Enfin, reste le défi de l’accessibilité. Ces magasins urbains devant servir de points de retrait pour du click & collect, il doit être possible pour les consommateurs de les approcher en voiture afin de retirer les articles les plus lourds. Au centre commercial The Mint, un parking est à la disposition des clients, qui peuvent ainsi venir rechercher leurs commandes passées en ligne. ” Les points de retrait en centre-ville posent la question de l’accessibilité, reconnaît Annelies Nauwelaerts, porte-parole d’Ikea Belgique. Dans notre magasin d’Hambourg, les clients peuvent directement passer commande et se faire livrer à domicile. Ils ont par ailleurs la possibilité de louer des vélos-cargos afin d’emporter leurs articles. ”

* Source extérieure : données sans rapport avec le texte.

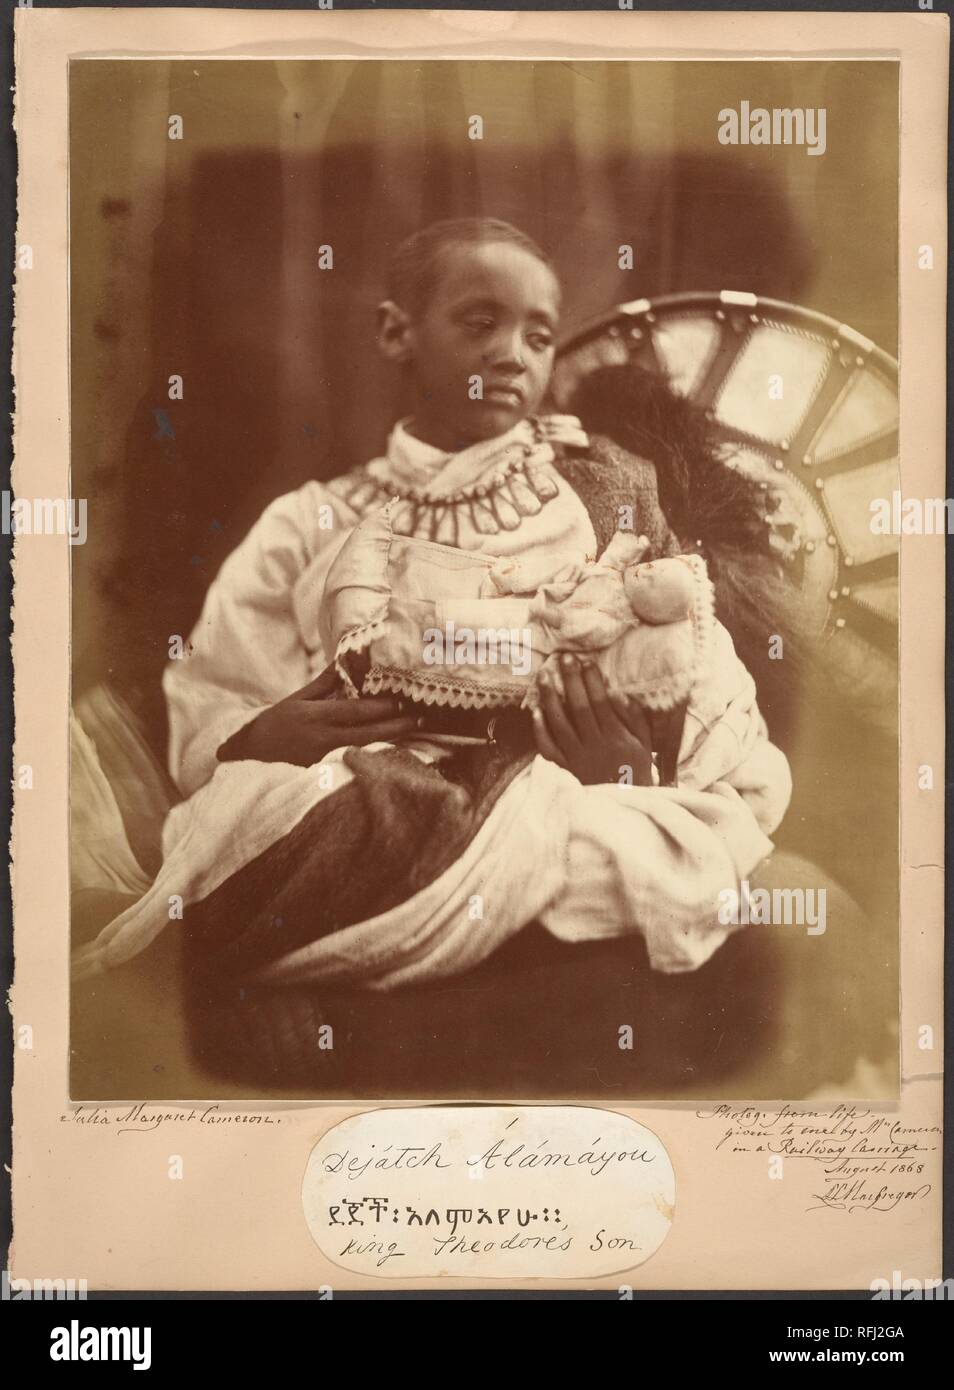 Déjatch Alámayou, re Théodore di nostro figlio. Artista: Julia Margaret Cameron (britannico nato (India), Calcutta 1815-1879 Kalutara, Ceylon). Dimensioni: Immagine: 29,2 x 23,3 cm (11 1/2 x 9 3/16 in.). Data: Luglio 1868. Déjatch Alámayou fu preso in Inghilterra dopo la sconfitta britannica degli Etiopi nella battaglia di Magdala e il suicidio di suo padre, Tewodros (Theodore) II, imperatore di Etiopia, in aprile 1868. La regina Victoria ha preso un interesse in Alámayou e vide la sua istruzione e protezione, ponendolo nella cura del capitano Tristram Speedy, chi, come Cameron, aveva una casa sull'Isola di Wight. Speedy b Foto Stock

Contrairement à Decathlon et Ikea, l’enseigne de chaussures Brantano, récemment reprise par le groupe de mode FNG (Miss Etam, Fred&Ginger, etc.), ne peut être classée dans la catégorie des big box. Non seulement elle compte bien plus de points de vente en Belgique (110 pour être exact, contre respectivement 30 et 8 pour Decathlon et Ikea), mais sa superficie est bien moins élevée. Si la chaîne est aujourd’hui installée en périphérie, le long des grand-routes, ses responsables la verrait bien conquérir les centres-villes. ” Il y a un potentiel de 5 à 10 magasins en centre-ville dans les trois ans, assure Dieter Penninckx, CEO de FNG. Je pense notamment à Bruxelles et Liège ; mais aussi à de plus petites villes. Nous serions également intéressés par les centres commerciaux, à Woluwe, à Wijnegem. ” Si la marque lorgne les centres-villes, c’est, dit-elle, pour ” toucher les clients qui décident de ne pas avoir de voiture “. ” A l’heure du shopping omnicanal, les gens veulent qu’une marque soit disponible où ils sont, ajoute le CEO. Nous conserverons le même concept, mais simplement sur moins de mètres carrés et davantage centré sur l’inspiration. ” N’est-ce pas un pari risqué quand on voit que plusieurs chaînes quittent les centres-villes et rationalisent leur parc de magasins ? ” Des enseignes de périphérie de 800 m2 avec une telle densité de points de vente qui décident d’aller en centre-ville aujourd’hui, il n’y en a pas beaucoup “, glisse un fin connaisseur du retail.